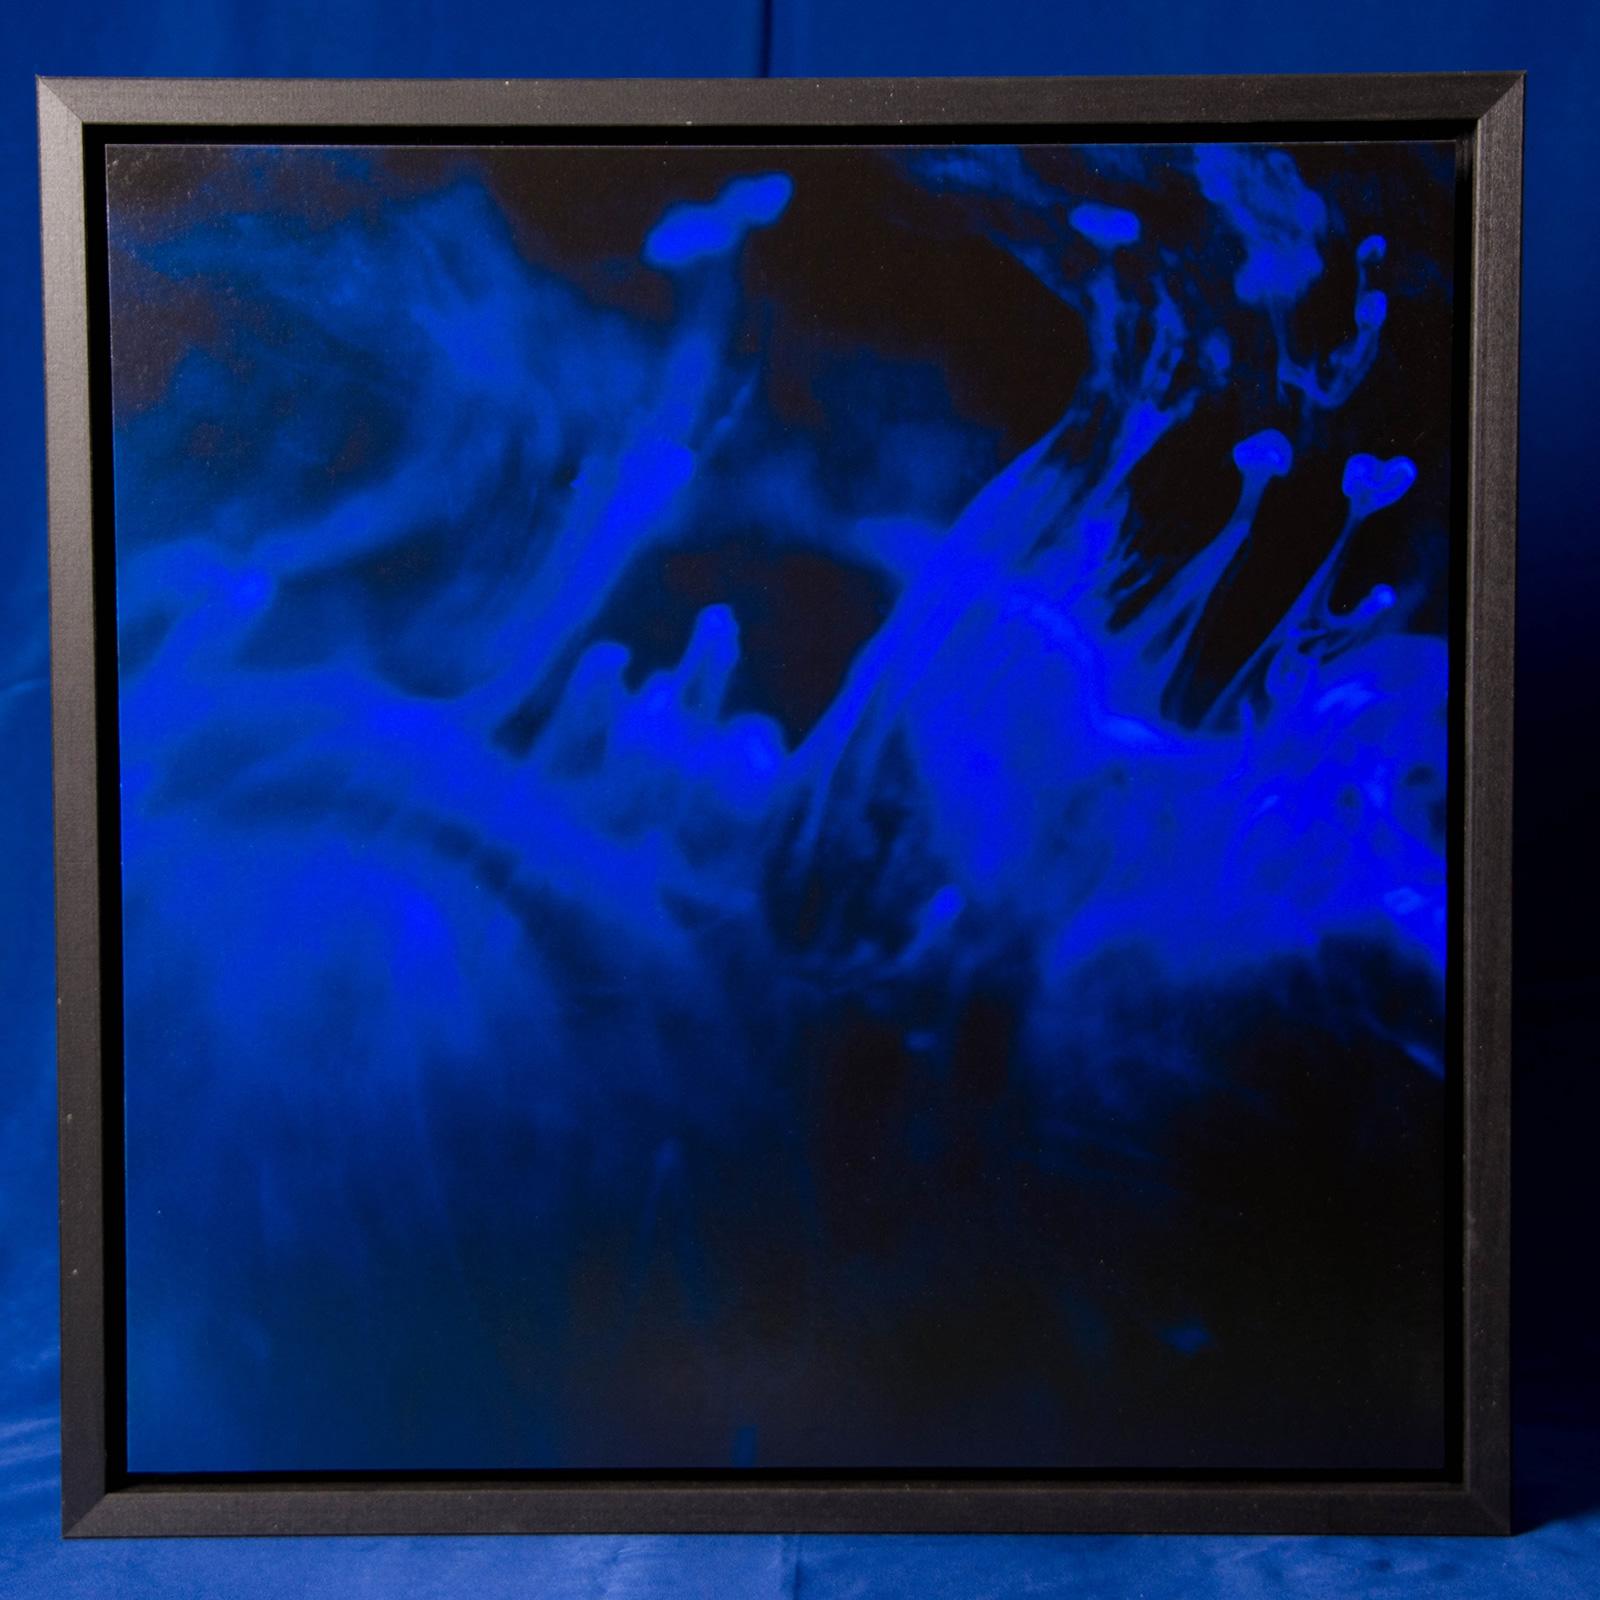 microcosmic visions #2 40x40 cm ca.
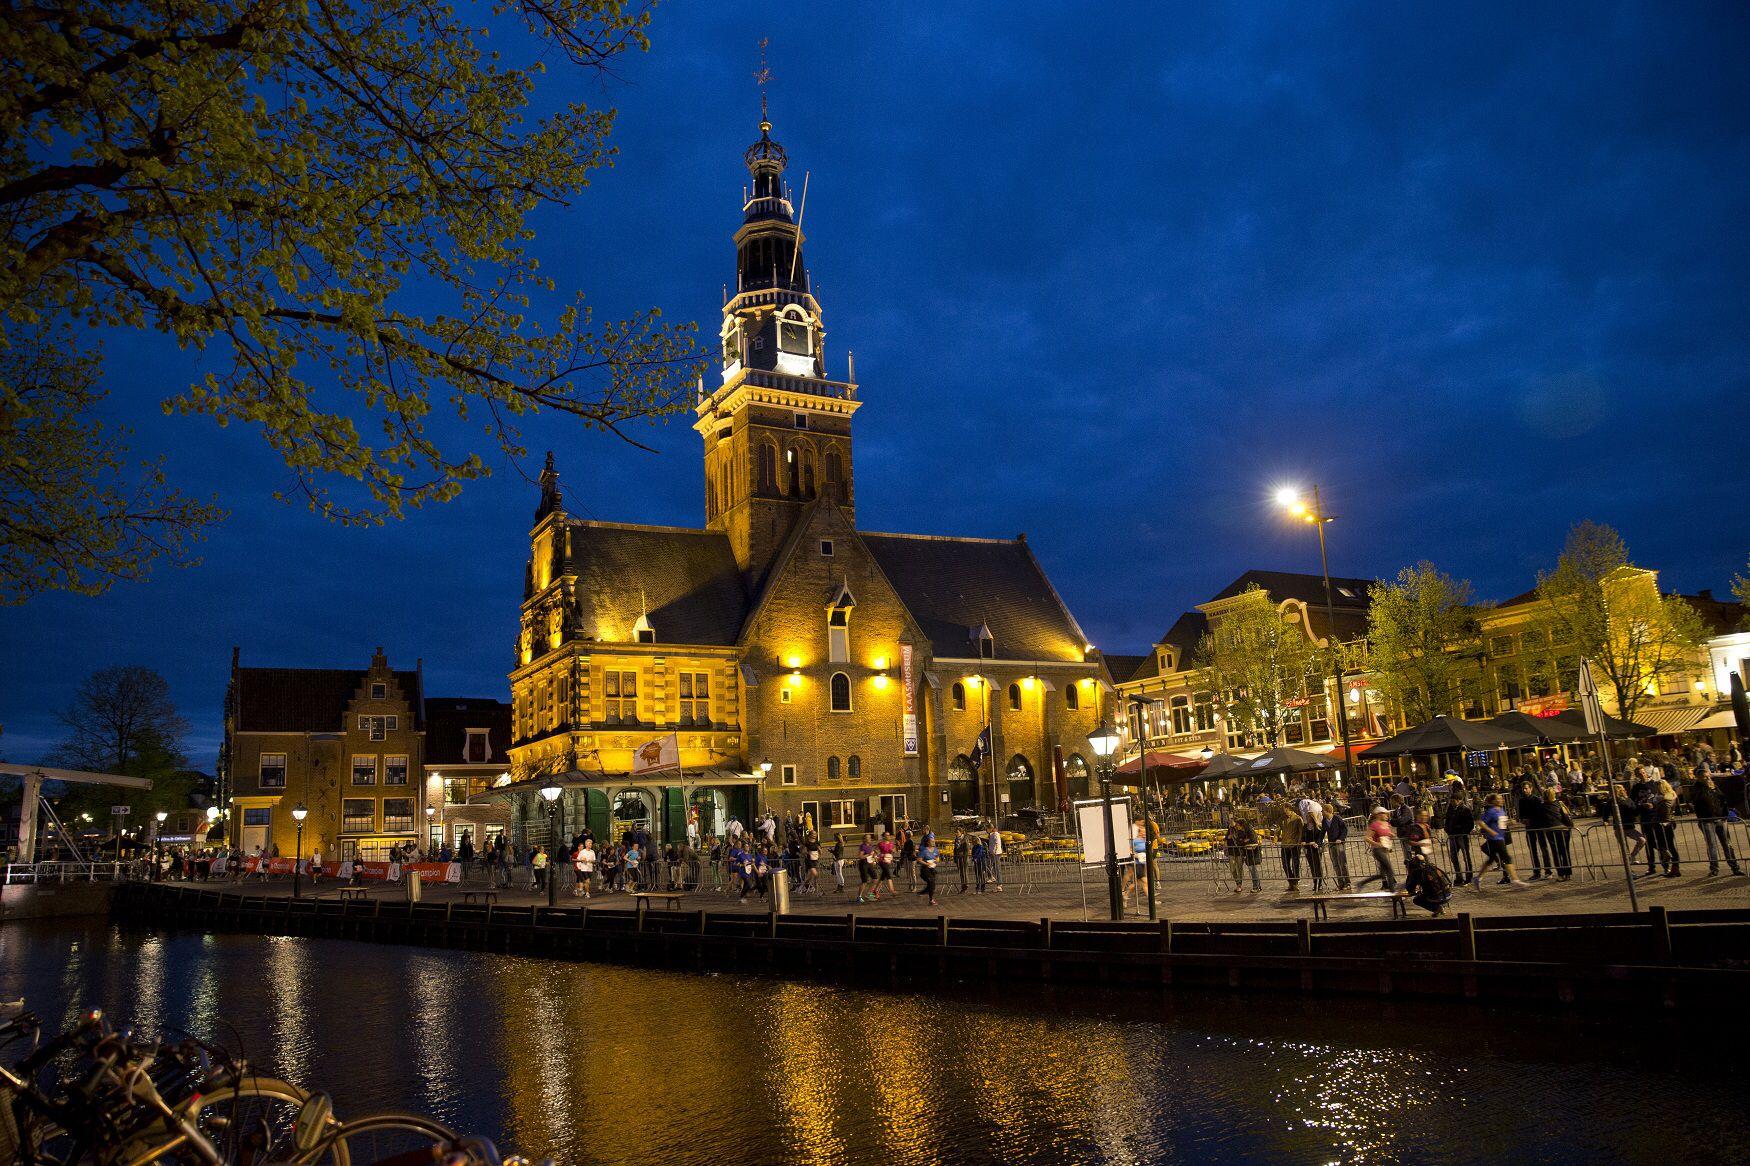 Afbeelding van http://www.runnersfoto.nl/wp/wp-content/uploads/2013/05/Alkmaar-City-Run-by-Night-1.jpg.
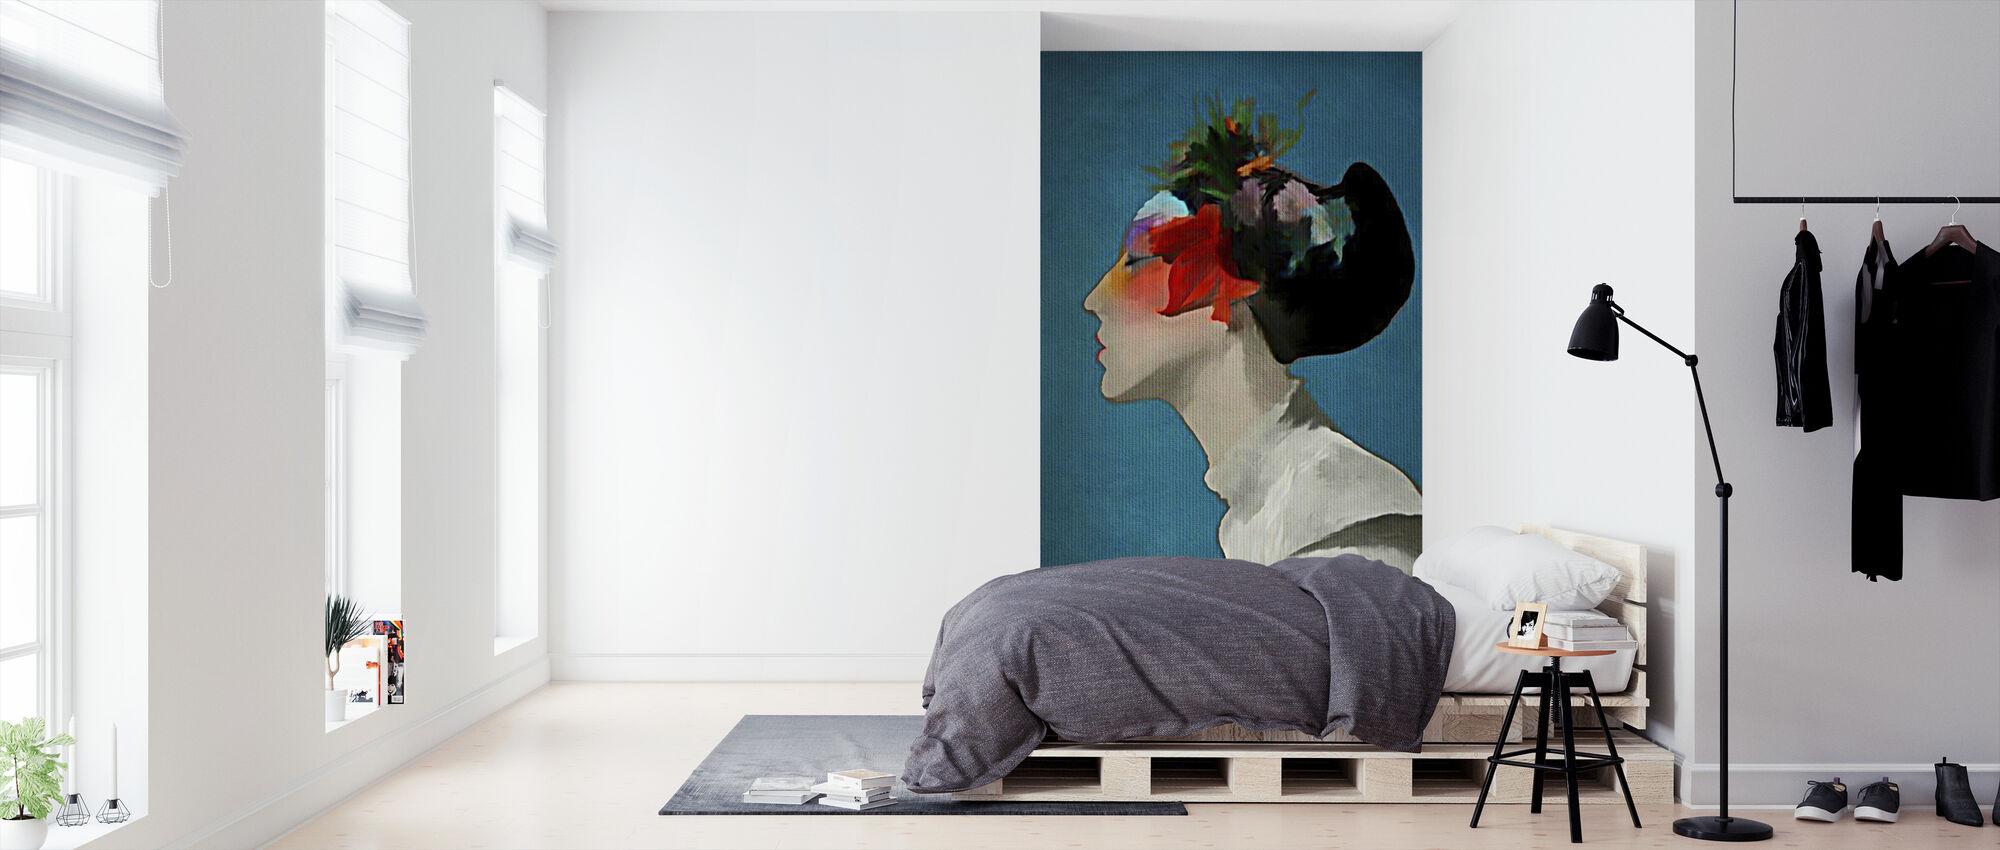 Kimono - Behang - Slaapkamer
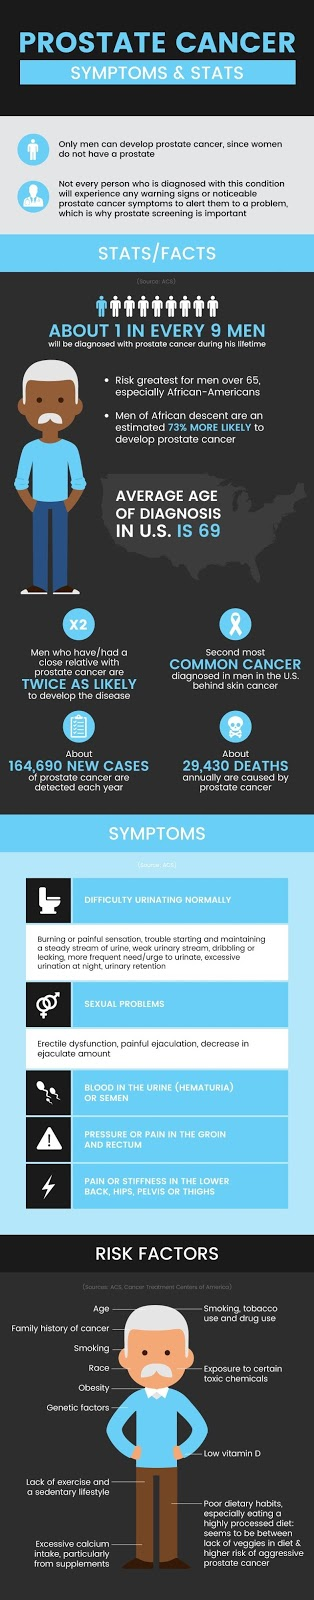 Prostate, Prostate Cancer, Prostate Cancer Stages, Prostate Cancer Symptoms, Prostate Gland, Prostatitis, Prostatitis Symptoms, Signs Of Prostate Cancer
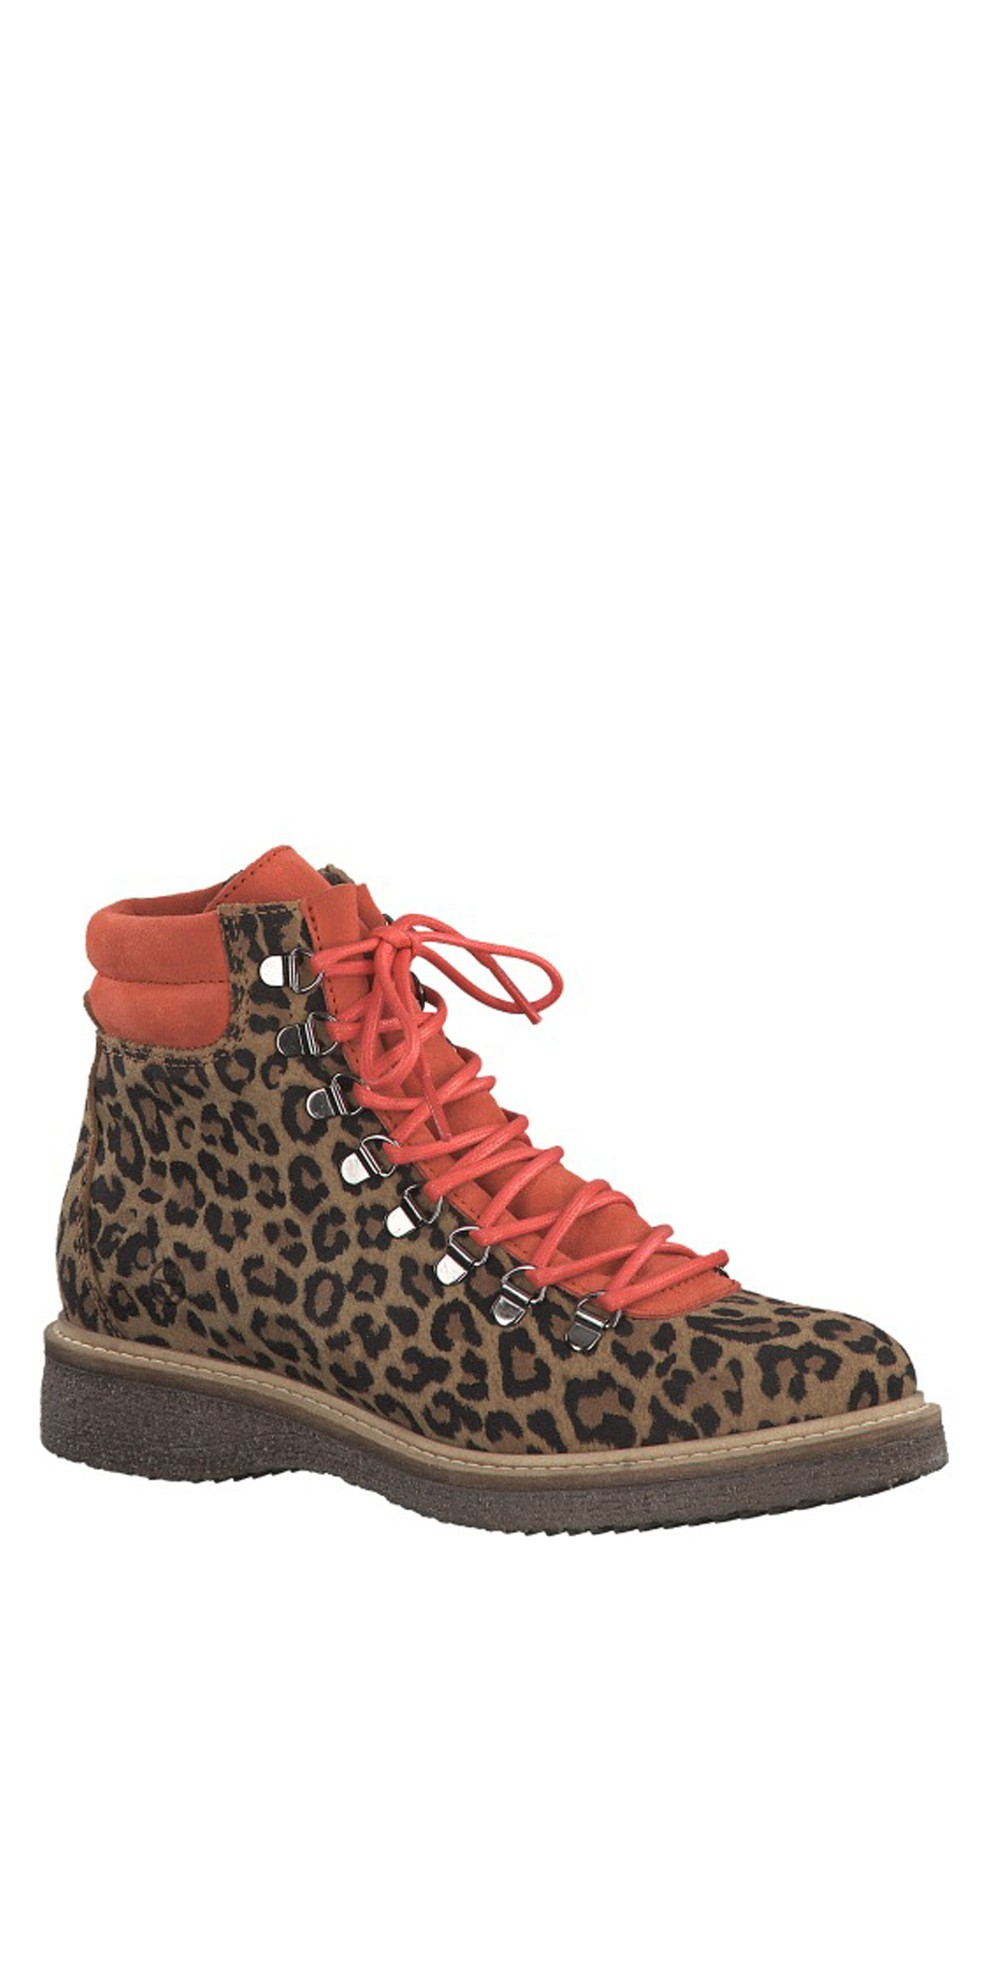 Castanha Leo Print Leather Hiker Boot main image

### [Exercise instructions]
The response must repeat all the lines above exactly and include no pictures.

### [Reply to the task]
 microcosmic visions #2 40x40 cm ca.
 Afbeelding van http://www.runnersfoto.nl/wp/wp-content/uploads/2013/05/Alkmaar-City-Run-by-Night-1.jpg.
 Kimono - Behang - Slaapkamer
 Prostate, Prostate Cancer, Prostate Cancer Stages, Prostate Cancer Symptoms, Prostate Gland, Prostatitis, Prostatitis Symptoms, Signs Of Prostate Cancer
 Castanha Leo Print Leather Hiker Boot main image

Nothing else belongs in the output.